Shortstop's stock has risen so high with the Angels that they didn't want to give him up to acquire Toronto ace Roy Halladay.

July 31, 2009|Ben Bolch

The Toronto Blue Jays are willing to part with Roy Halladay.

The Angels don't appear ready to sacrifice Erick Aybar.

How times and player fortunes have changed.

Sacrifice and Erick Aybar appeared together in a different context last October, when the shortstop's botched suicide squeeze attempt in the playoffs encapsulated his standing as a player laden with unrefined potential.

Now look at him. Aybar is leading the major leagues with a .439 batting average in July and has helped the Angels go 14-3 since sluggers Torii Hunter and Vladimir Guerrero went on the disabled list.

The Angels' appreciation of Aybar's abilities runs so deep that he might be the player they were most reluctant to surrender in a proposed trade for Halladay, a Cy Young Award winner.

"What we see now is a player starting to come into his own who's very, very talented," Angels General Manager Tony Reagins said of Aybar, who is hitting a team-leading .318 with three homers and 38 runs batted in, putting him on pace to set career highs in all three categories.

The switch-hitter is second in batting average among American League shortstops behind the New York Yankees' Derek Jeter, who is hitting .323. Aybar brings a career-high nine-game hitting streak into the opener of a three-game series against Minnesota tonight at the Metrodome.

Where does Aybar rank among the league's shortstops?

"He's got to be around the top because he does things that some shortstops can't do," Angels third baseman Chone Figgins said. "You have [Oakland's] Orlando Cabrera, who catches every single ball, but then he doesn't get to the same balls that Aybar does."

But it might be Aybar's ability to consistently make the routine play that has signaled his arrival among the game's elite. That was something he occasionally struggled with during his first three years in the majors because of lapses in concentration.

"He's making those plays now," Reagins said. "When a ground ball is hit in the six hole, it's going to be caught. I think that's the difference."

Only 25, Aybar has evolved from a fleet-footed, free-swinging player to one whose improved plate discipline makes him a viable option to hit almost anywhere in the lineup, though he has mostly batted in the No. 9 spot this season.

His speed and career-best .357 on-base percentage make him an attractive leadoff choice and yet his .325 batting average with runners in scoring position could tempt Manager Mike Scioscia to put him near the heart of the order.

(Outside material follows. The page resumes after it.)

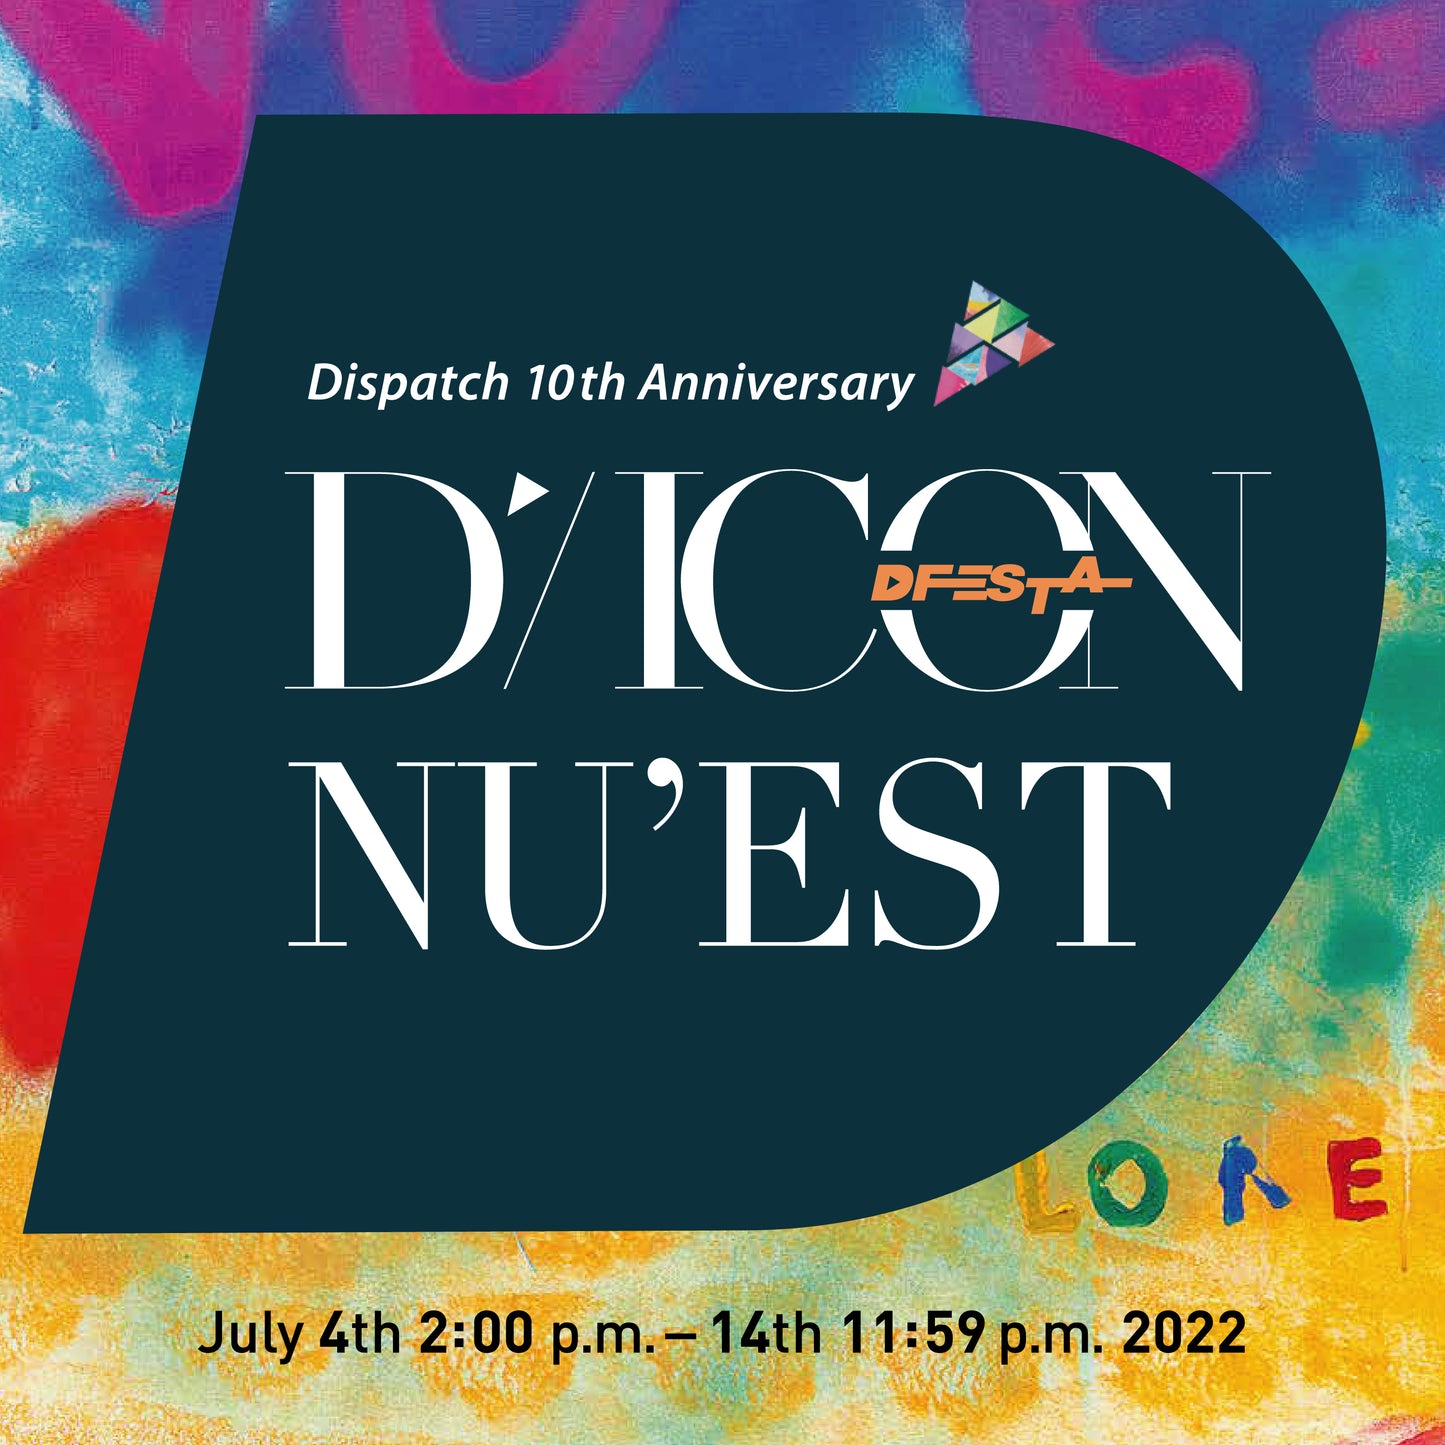 NU'EST | Dispatch 10th Anniversary | DICON D'FESTA NU'EST

"With experience . . . he'll be a candidate to hit in front of the middle of your lineup whether it's one, two or even three," Scioscia said.

And it's all about the experience for Aybar. Injuries limited him to 79 games in 2007 and 98 games last season, when he suffered a dislocated pinkie. Playing every day has allowed him to achieve a comfort level he had previously experienced only in the minor leagues and in winter ball, where he hit .355 last year in his native Dominican Republic.

"The Erick Aybar that people knew in winter ball, I feel more like that now because I'm able to relax and implement the things in my game that I've been looking forward to doing in the big leagues," Aybar said through an interpreter. "When you play every day, you get into a rhythm. You get into a routine even with the at-bats."

Hitting coach Mickey Hatcher credited Aybar's increased patience -- he has already drawn a career-high 16 walks with two months left in the season -- in part to the influence of veterans such as Hunter, Figgins and Bobby Abreu.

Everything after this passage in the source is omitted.